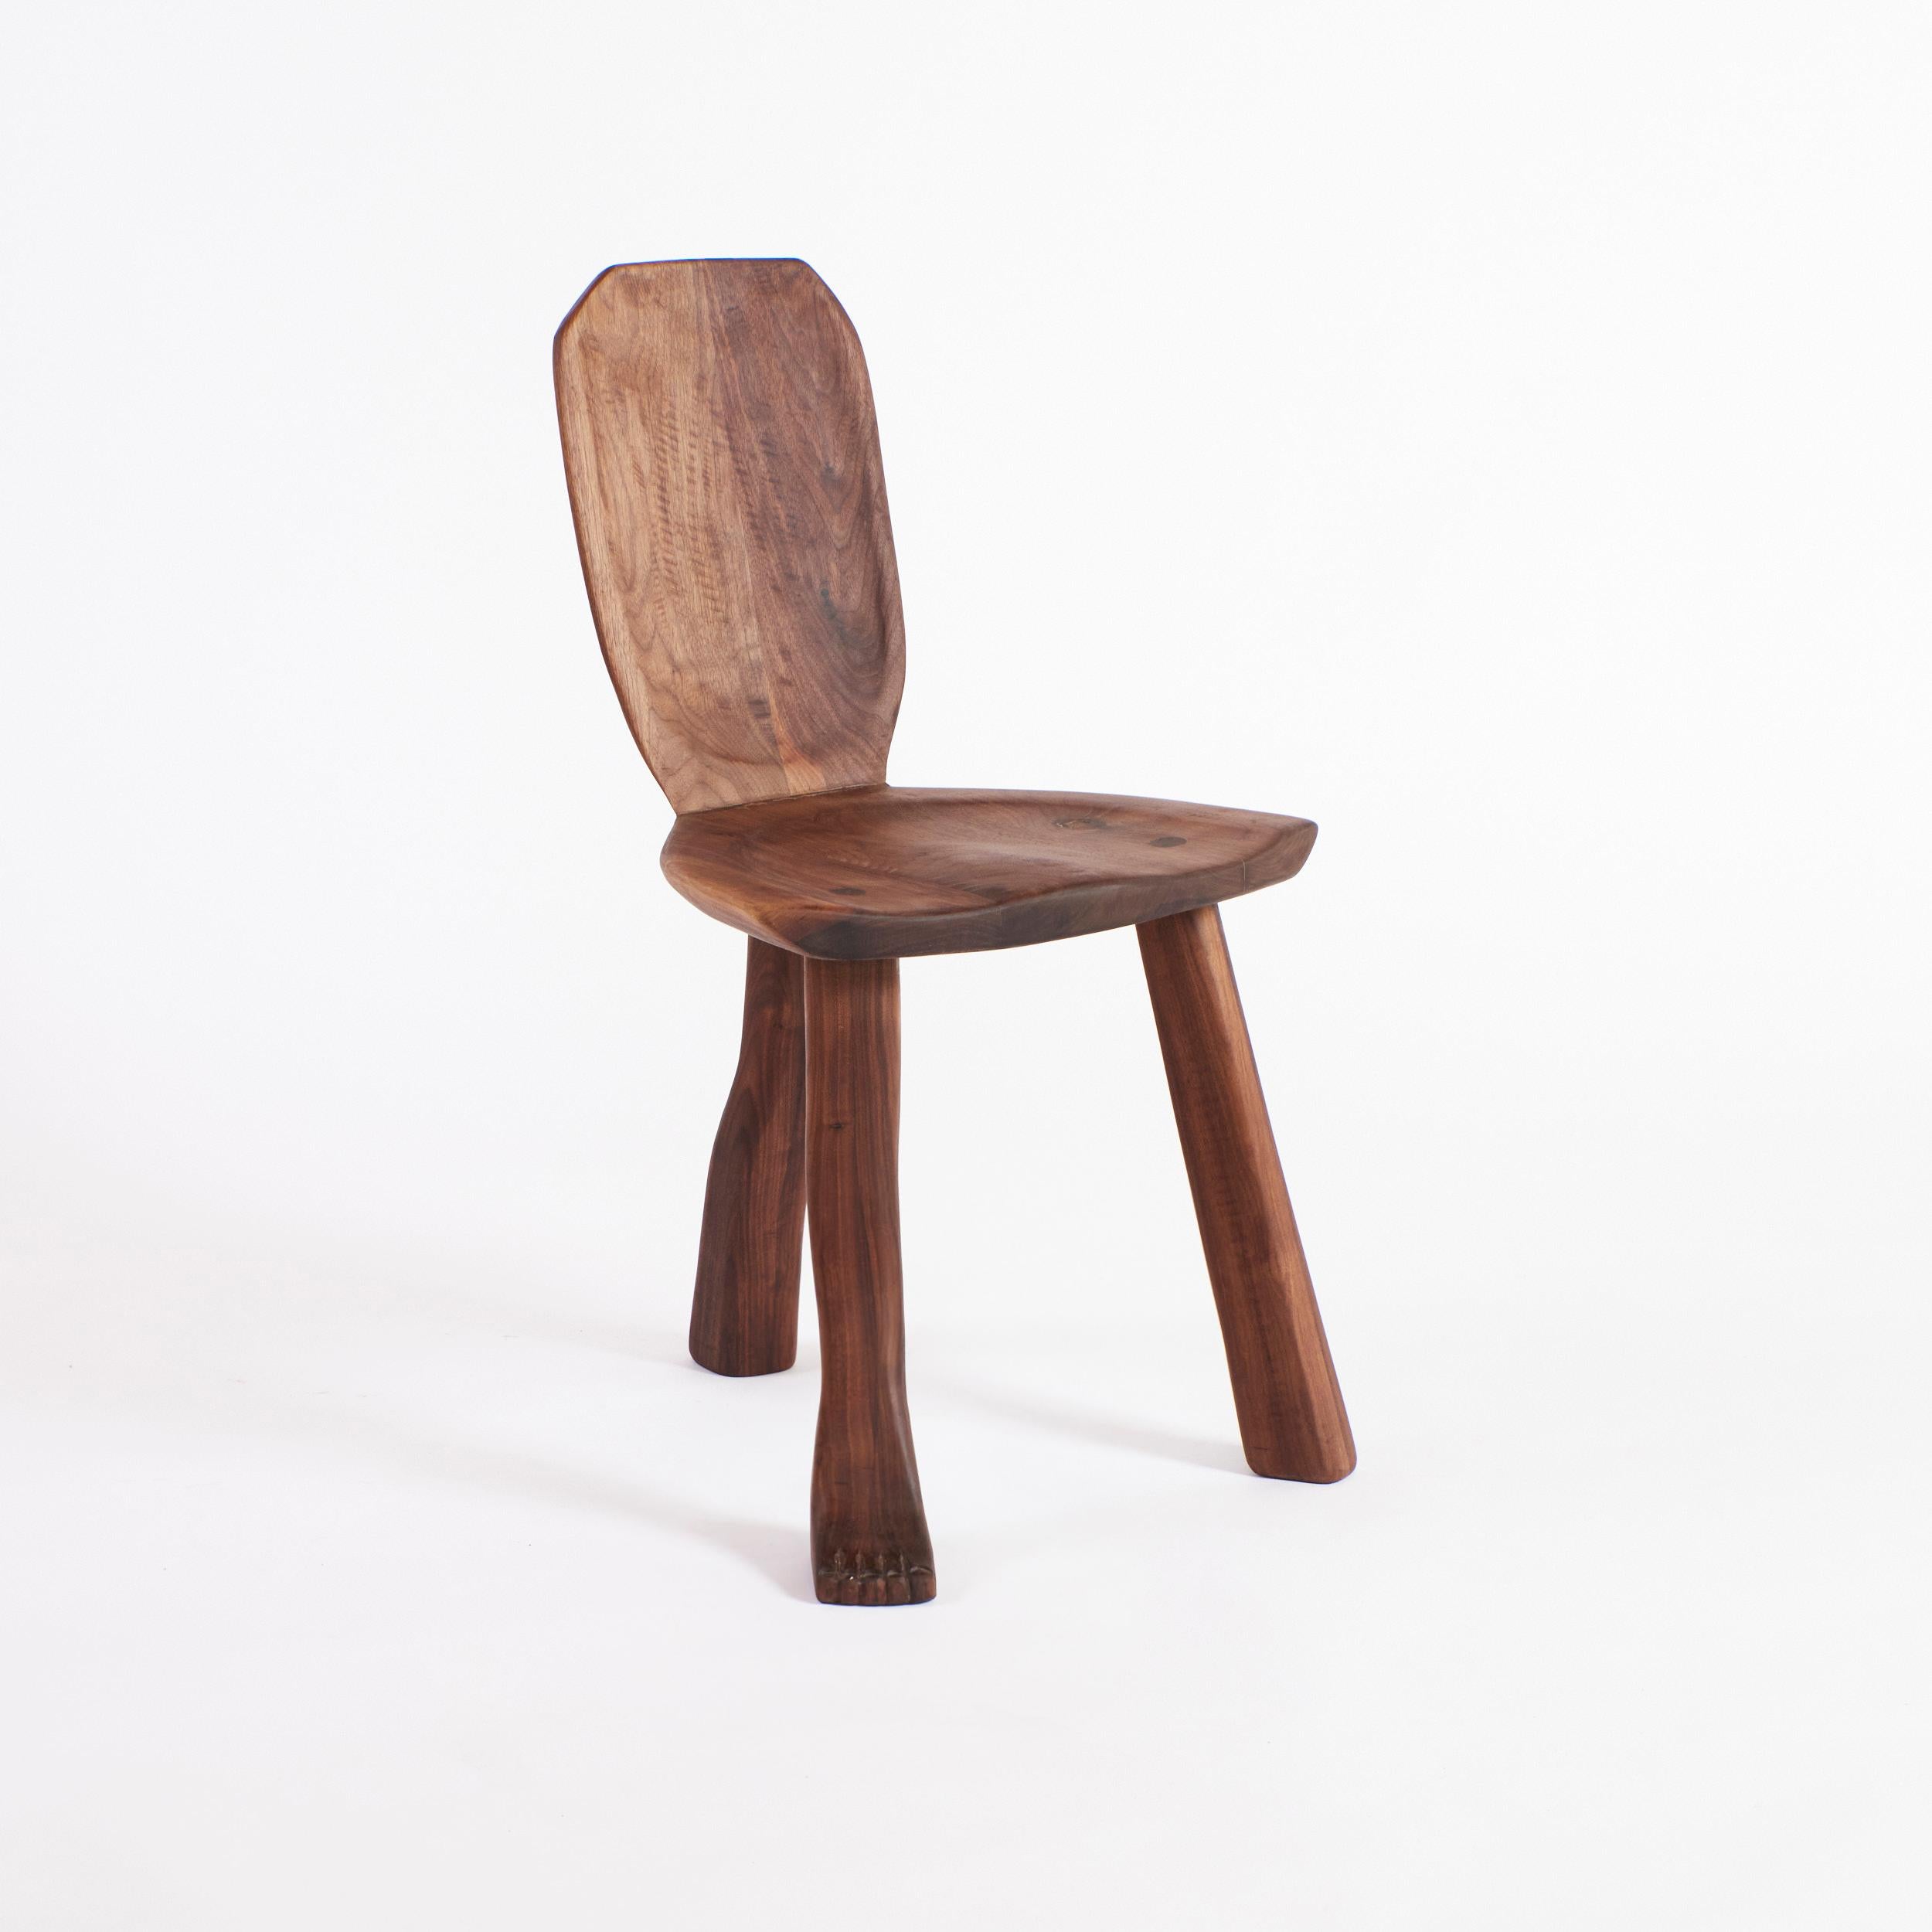 Foot Accent Chair in Walnut Wood
Designed by Project 213A in 2023 as part of the Brand's signature Foot Collection.

The 
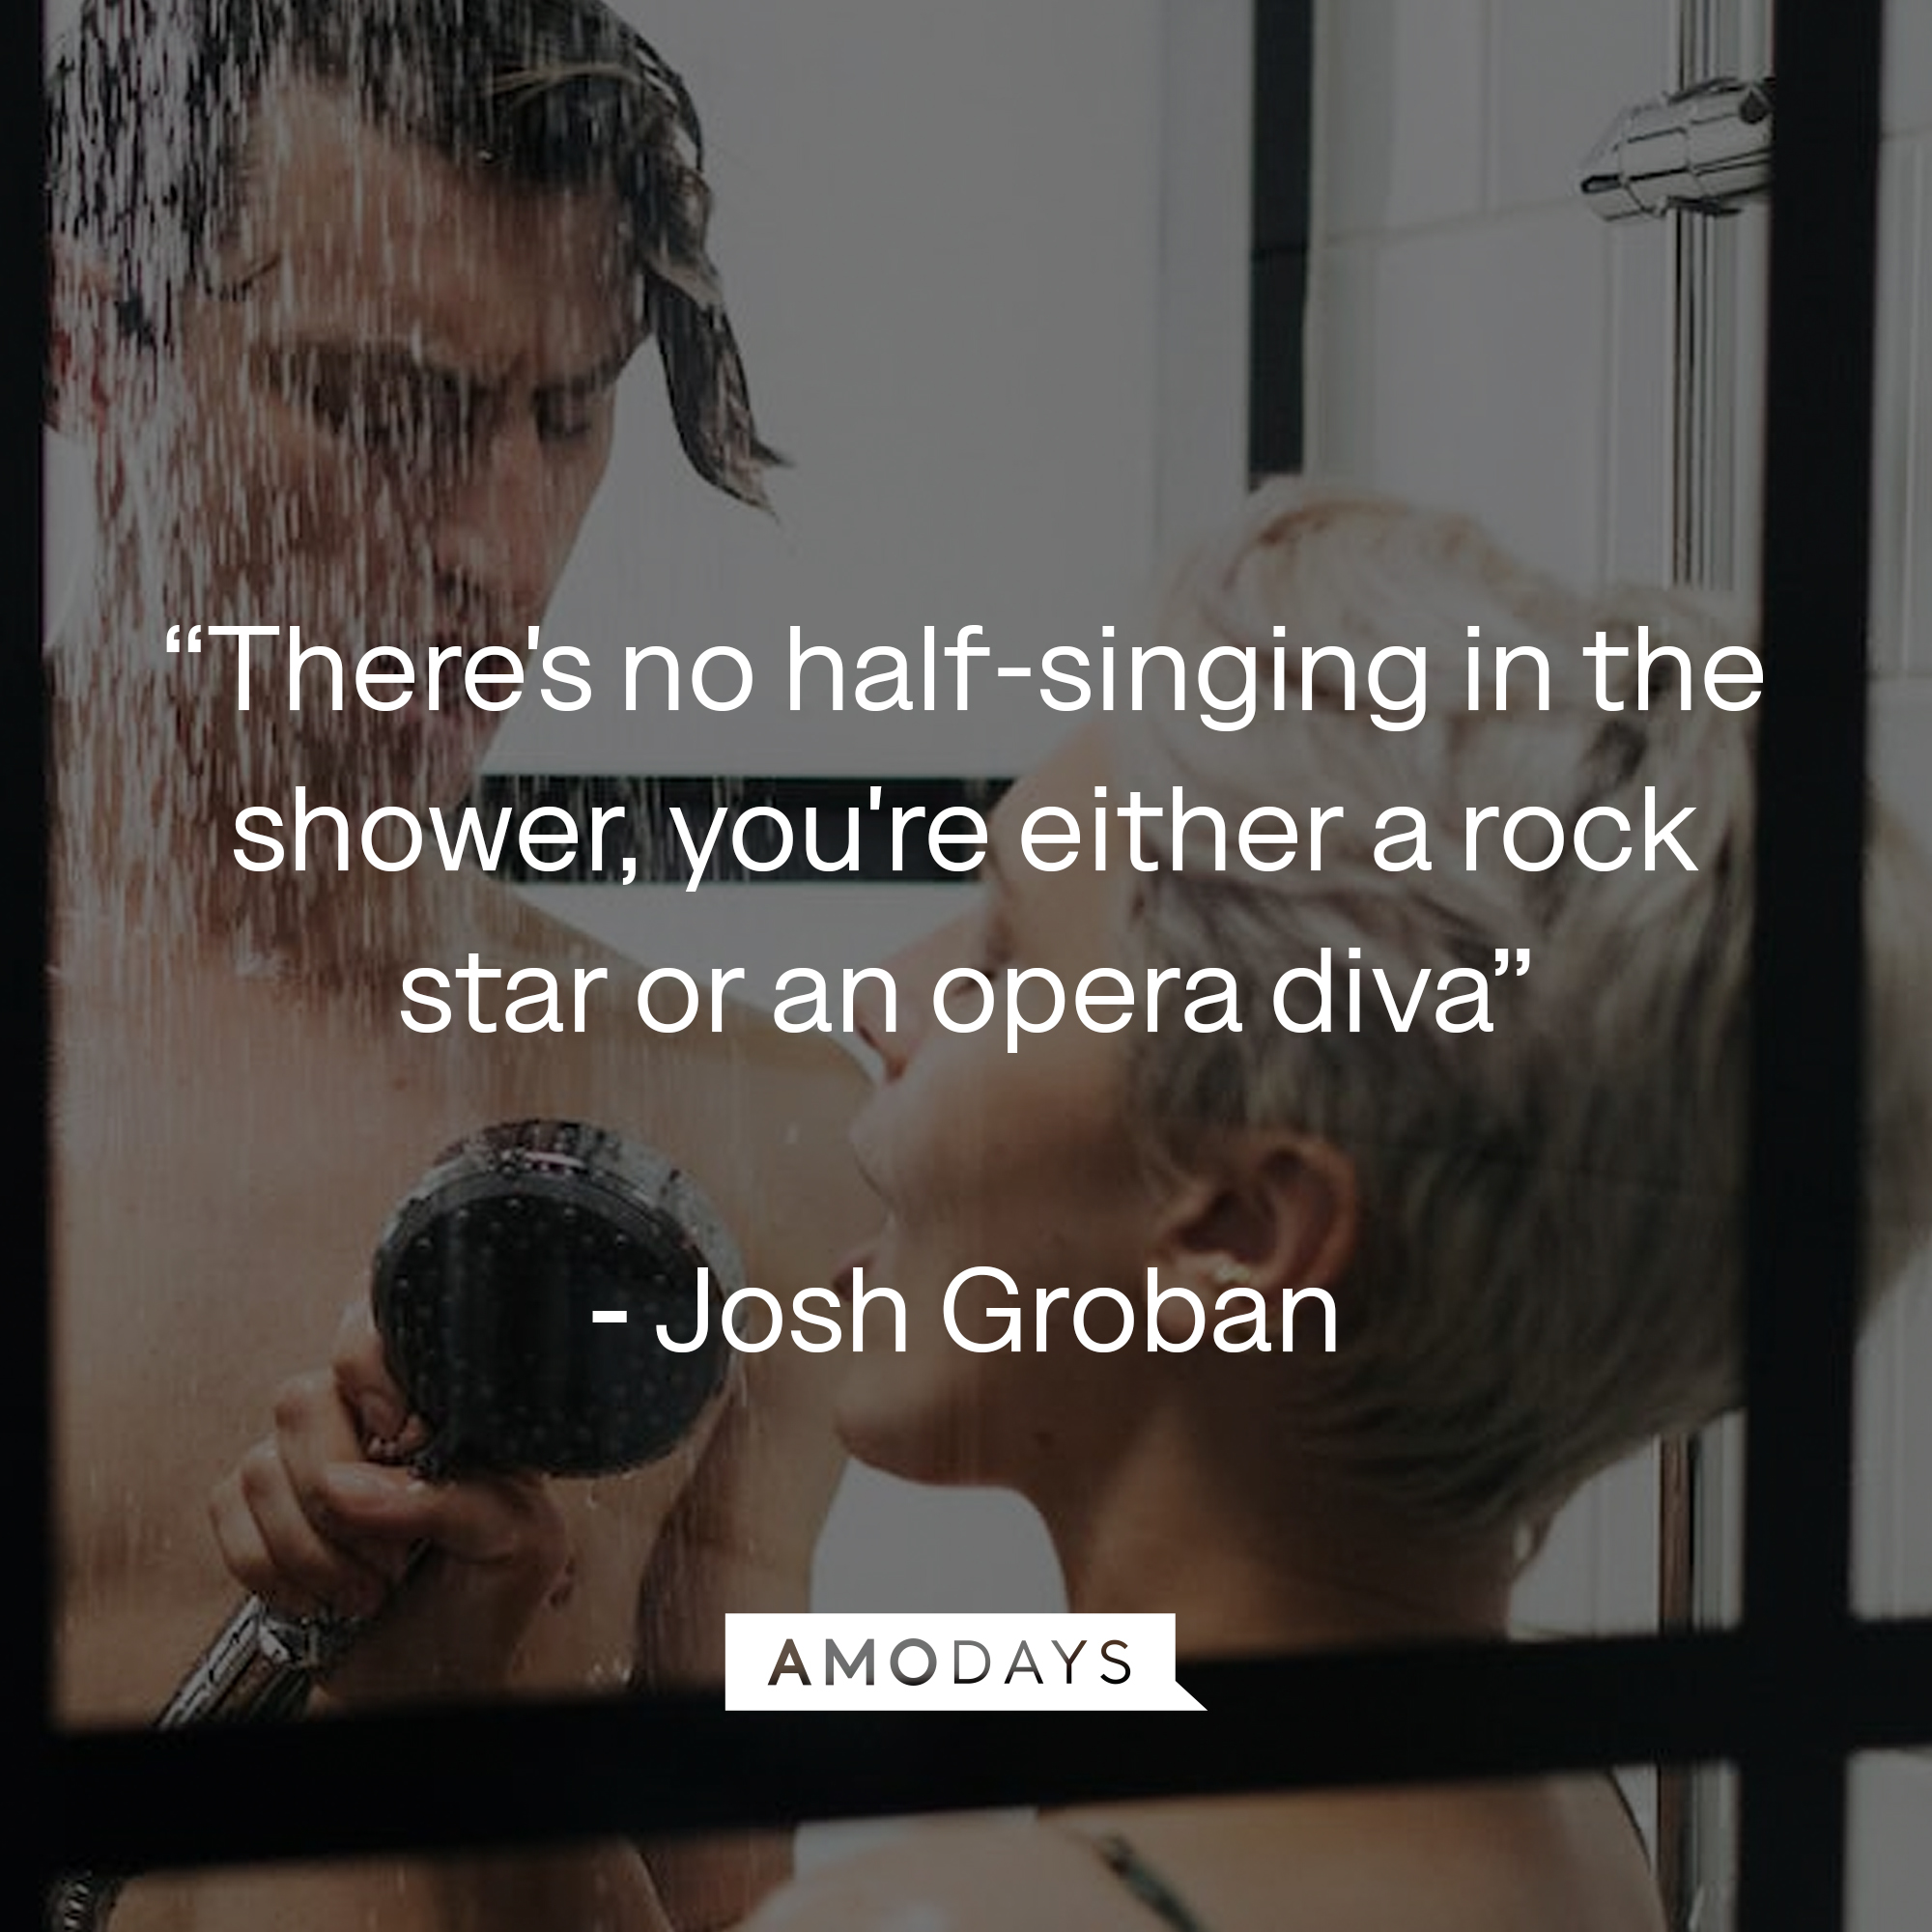 Josh Groban's quote: "There's no half-singing in the shower, you're either a rock star or an opera diva." | Source: azquotes
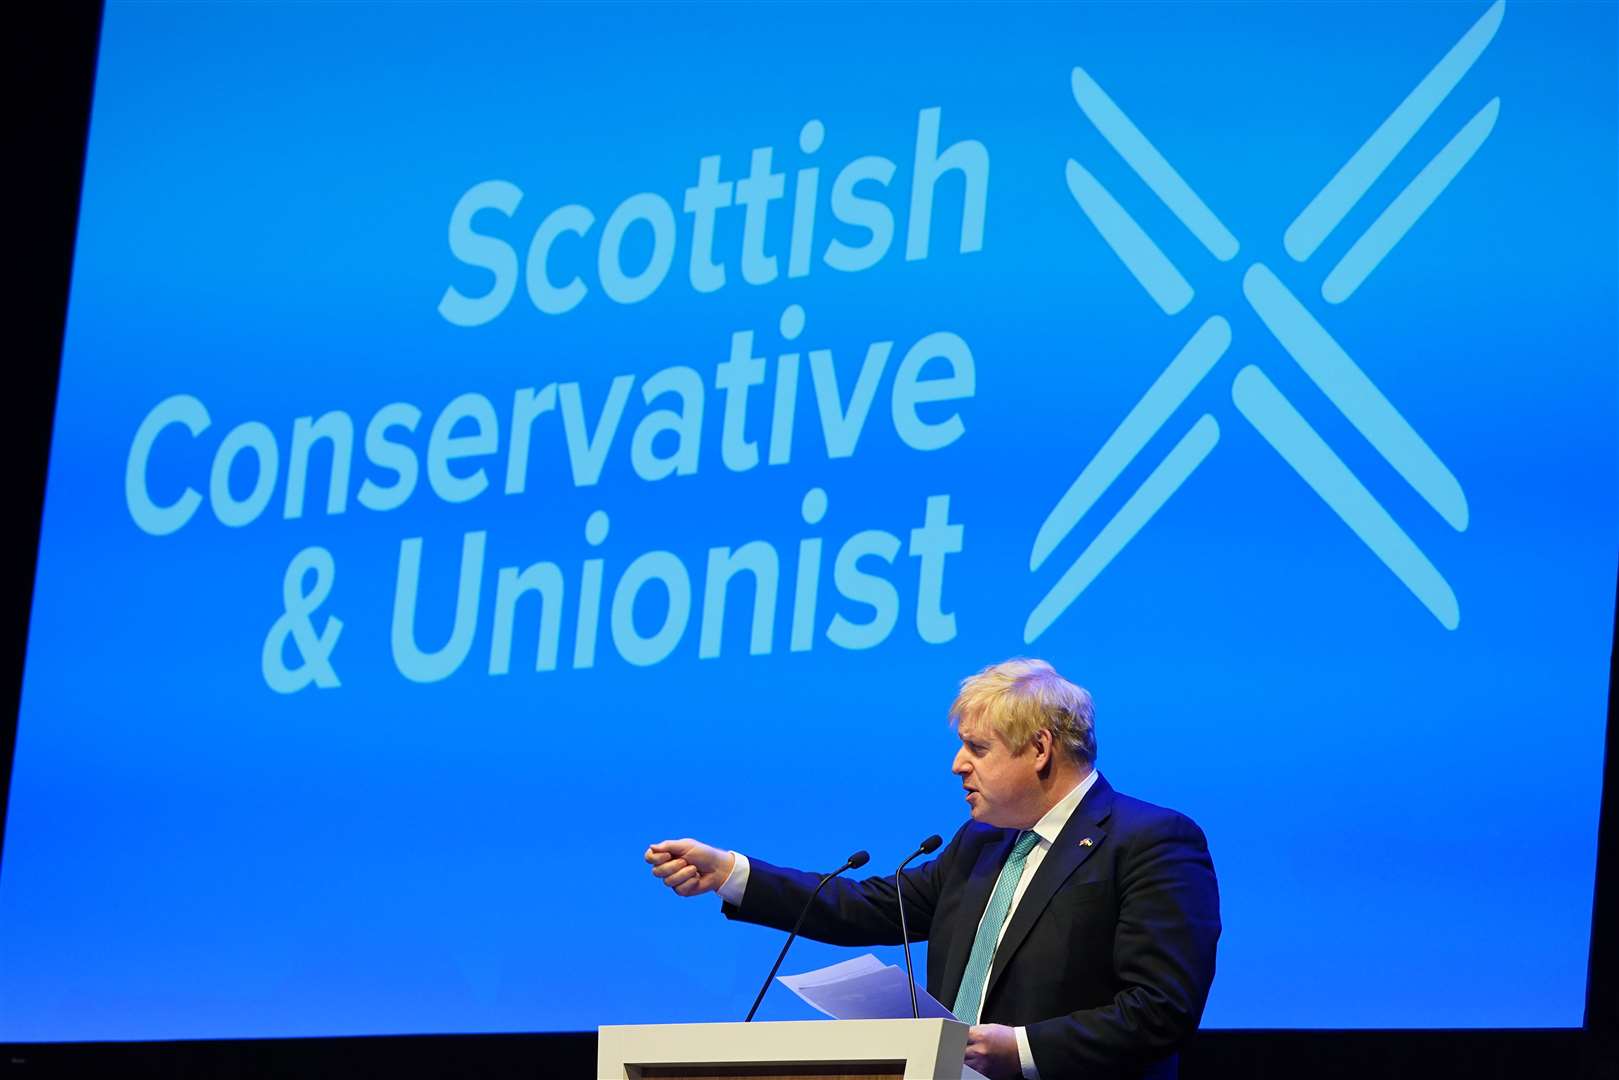 Boris Johnson speaking during the Scottish Conservative Conference in Aberdeen. (Andrew Milligan/PA)
▬▬▬
Repeat the records above exactly. No pictures go into the repeat.

* **Answer below**
 Foot Accent Chair in Walnut Wood
Designed by Project 213A in 2023 as part of the Brand's signature Foot Collection.

The 
 Josh Groban's quote: "There's no half-singing in the shower, you're either a rock star or an opera diva." | Source: azquotes
 Boris Johnson speaking during the Scottish Conservative Conference in Aberdeen. (Andrew Milligan/PA)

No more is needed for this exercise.